Exercise goal:
The answer should be an exact repeat of the stretch of material below from the line containing "continuar Radioactivo níquel" through the line containing "Coffe table is".

>>>

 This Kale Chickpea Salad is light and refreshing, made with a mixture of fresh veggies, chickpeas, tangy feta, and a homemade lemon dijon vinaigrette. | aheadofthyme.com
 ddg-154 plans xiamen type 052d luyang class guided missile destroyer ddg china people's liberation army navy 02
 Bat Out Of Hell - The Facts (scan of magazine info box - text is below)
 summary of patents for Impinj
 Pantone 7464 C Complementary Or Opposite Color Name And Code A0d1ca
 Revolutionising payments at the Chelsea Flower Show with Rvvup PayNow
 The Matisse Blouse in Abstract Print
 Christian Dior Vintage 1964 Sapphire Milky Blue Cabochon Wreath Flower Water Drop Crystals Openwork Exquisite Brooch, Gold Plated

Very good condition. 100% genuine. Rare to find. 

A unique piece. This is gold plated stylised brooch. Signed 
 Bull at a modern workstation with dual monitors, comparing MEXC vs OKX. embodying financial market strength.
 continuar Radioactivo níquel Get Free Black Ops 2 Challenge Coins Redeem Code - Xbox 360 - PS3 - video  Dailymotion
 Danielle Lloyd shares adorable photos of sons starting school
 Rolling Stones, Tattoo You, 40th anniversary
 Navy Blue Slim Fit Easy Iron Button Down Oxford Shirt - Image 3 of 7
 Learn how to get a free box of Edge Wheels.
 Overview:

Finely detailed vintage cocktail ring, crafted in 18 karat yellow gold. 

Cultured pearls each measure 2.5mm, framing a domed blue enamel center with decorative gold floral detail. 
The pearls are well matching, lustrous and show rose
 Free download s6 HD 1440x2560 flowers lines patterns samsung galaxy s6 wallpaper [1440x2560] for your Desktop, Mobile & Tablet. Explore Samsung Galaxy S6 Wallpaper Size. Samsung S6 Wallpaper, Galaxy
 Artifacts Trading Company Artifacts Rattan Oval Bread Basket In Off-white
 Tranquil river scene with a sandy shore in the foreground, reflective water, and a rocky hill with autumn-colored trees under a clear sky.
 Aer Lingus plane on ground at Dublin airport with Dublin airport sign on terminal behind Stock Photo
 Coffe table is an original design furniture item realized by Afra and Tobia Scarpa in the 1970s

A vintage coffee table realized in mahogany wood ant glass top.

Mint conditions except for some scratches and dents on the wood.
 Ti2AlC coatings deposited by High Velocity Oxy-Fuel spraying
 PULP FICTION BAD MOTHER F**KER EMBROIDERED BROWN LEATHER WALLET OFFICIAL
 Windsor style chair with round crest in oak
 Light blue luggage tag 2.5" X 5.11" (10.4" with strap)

<<<

Result for this exercise:
 continuar Radioactivo níquel Get Free Black Ops 2 Challenge Coins Redeem Code - Xbox 360 - PS3 - video  Dailymotion
 Danielle Lloyd shares adorable photos of sons starting school
 Rolling Stones, Tattoo You, 40th anniversary
 Navy Blue Slim Fit Easy Iron Button Down Oxford Shirt - Image 3 of 7
 Learn how to get a free box of Edge Wheels.
 Overview:

Finely detailed vintage cocktail ring, crafted in 18 karat yellow gold. 

Cultured pearls each measure 2.5mm, framing a domed blue enamel center with decorative gold floral detail. 
The pearls are well matching, lustrous and show rose
 Free download s6 HD 1440x2560 flowers lines patterns samsung galaxy s6 wallpaper [1440x2560] for your Desktop, Mobile & Tablet. Explore Samsung Galaxy S6 Wallpaper Size. Samsung S6 Wallpaper, Galaxy
 Artifacts Trading Company Artifacts Rattan Oval Bread Basket In Off-white
 Tranquil river scene with a sandy shore in the foreground, reflective water, and a rocky hill with autumn-colored trees under a clear sky.
 Aer Lingus plane on ground at Dublin airport with Dublin airport sign on terminal behind Stock Photo
 Coffe table is an original design furniture item realized by Afra and Tobia Scarpa in the 1970s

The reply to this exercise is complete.